All occurences of „/“ are replaces by „\“ automatically, eg. homeDirectory=/home/johndoe will yield a homepath of „\home\johndoe“.

The resulting string may be postprocessed with rules stored in registry SZ_MULTI values named „homepathreplace(number)

If the first string of each SZ_MULTI value is matched on the left of the current homepath, the match will be replaced by the second string.

Applied to „\home\johndoe“ the following set of rules

REG_MULTI_SZ homepathreplace0 "\home\" "\\homeserver\homeshare\"
REG_MULTI_SZ homepathreplace1 "\home2\" "\\homeserver\home2\"

will yield a homepath of „\\homeserver\homeshare\johndoe

If you use a logon script to connect the share holding all the homes to H: then use

REG_MULTI_SZ homepathreplace0 "\home\" "H:\"

which will result in H:\johndoe.

Home Drive

The LDAP SSP sets the user's homedrive according one of the following attributes (highest precedence mentioned first):

  1. the user's LDAP attribute sambaHomeDrive (samba)

  2. the modules registry value REG_SZ homedrive

There are no rewriting rules for home drive.

Use Home Drive if you connect a share holding exactly the user's home.

Profile Path

The LDAP SSP sets the path to the user's profile according one of the following attributes (highest precedence mentioned first):

  1. the user's LDAP attribute sambaProfilePath (samba)

  2. if a home drive has been supplied in the previous section:

    the modules registry value REG_SZ profilepath with the home drive prepended

  3. the modules registry REG_SZ profilepath appended to the homepath from above, with postprocessing.

Postprocessing rules for case 3 work as with homepathreplacen, but are called profilerplacen. There are no rewriting rules for cases 1 or 2.

Examples:

  1. If the user has an LDAP attribute sambaProfilePath=\\profileserver\profiles then that is used.

  2. If instead the REG_SZ profilepath has been set to „\profiles“, and a home drive „D:“ has been supplied in the previous section, „D:\profiles“ is used.

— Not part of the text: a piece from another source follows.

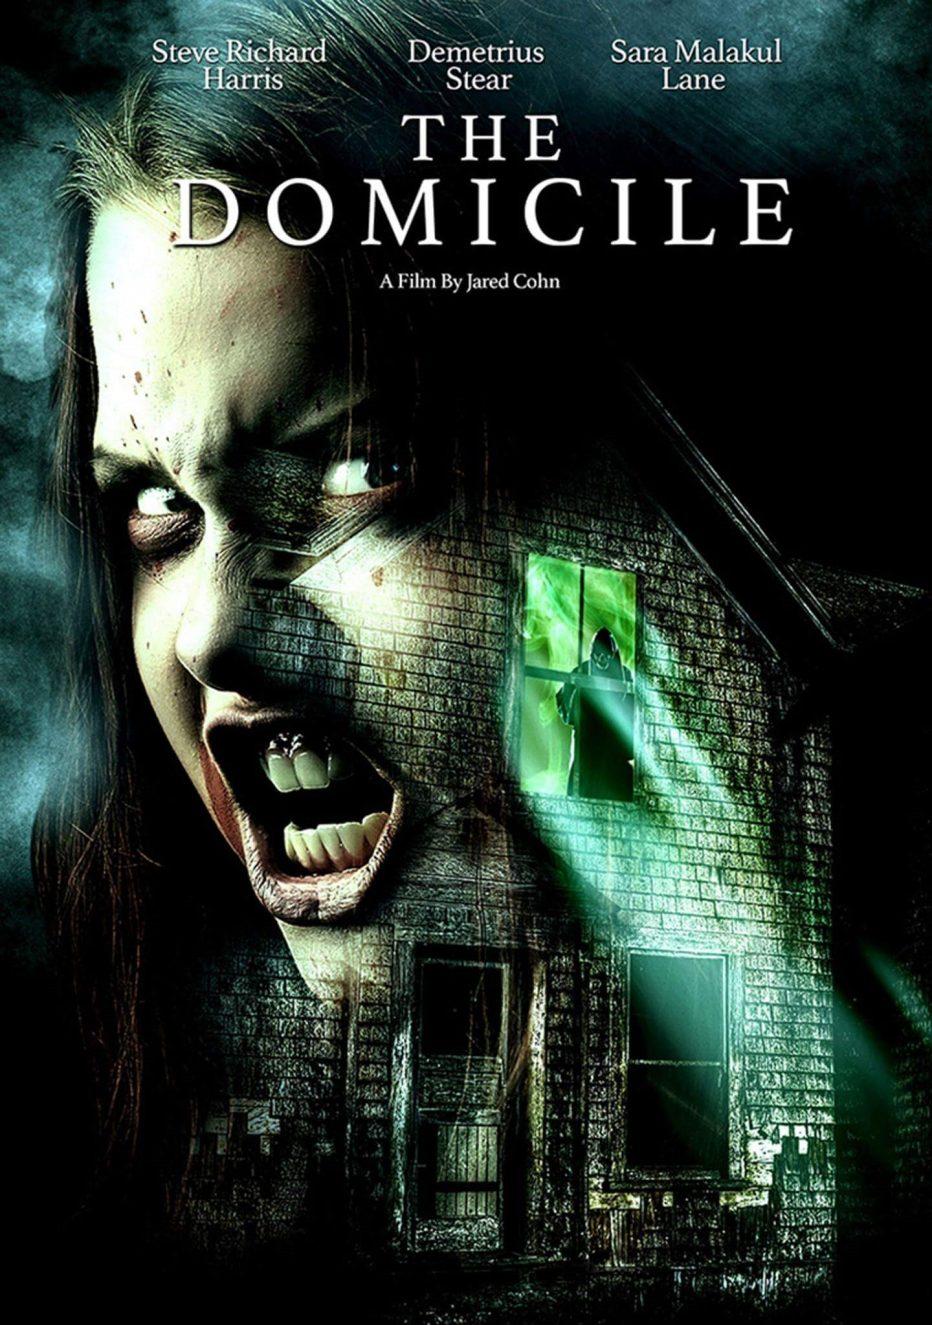 Terror lurks inside THE DOMICILE!

  3. If neither sambaProfilePath is defined in LDAP, nor a home drive has been supplied, the homepath from above is used, REG_SZ profilepath is appended and postprocessing applies.

    Say homepath were \\homeserver\homepath\johndoe, profilepath the empty string and
    profilereplace0 SZ_MULTI „\\homeserver\homepath\“ „\\profileserver\profiles\“
    the resulting profile would be \\profileserver\profiles\johndoe

Logonscript

The LDAP SSP sets the path to the user's logon script according one of the following attributes (highest precedence mentioned first):

  1. the user's LDAP attribute sambaLogonScript (samba)

  2. the modules registry value REG_SZ logonscript

Downloads and Project

The sourceforge project can be accessed here:http://sourceforge.net/projects/sc-ap.

The sources are in CVS. Modulename is "sc-ap".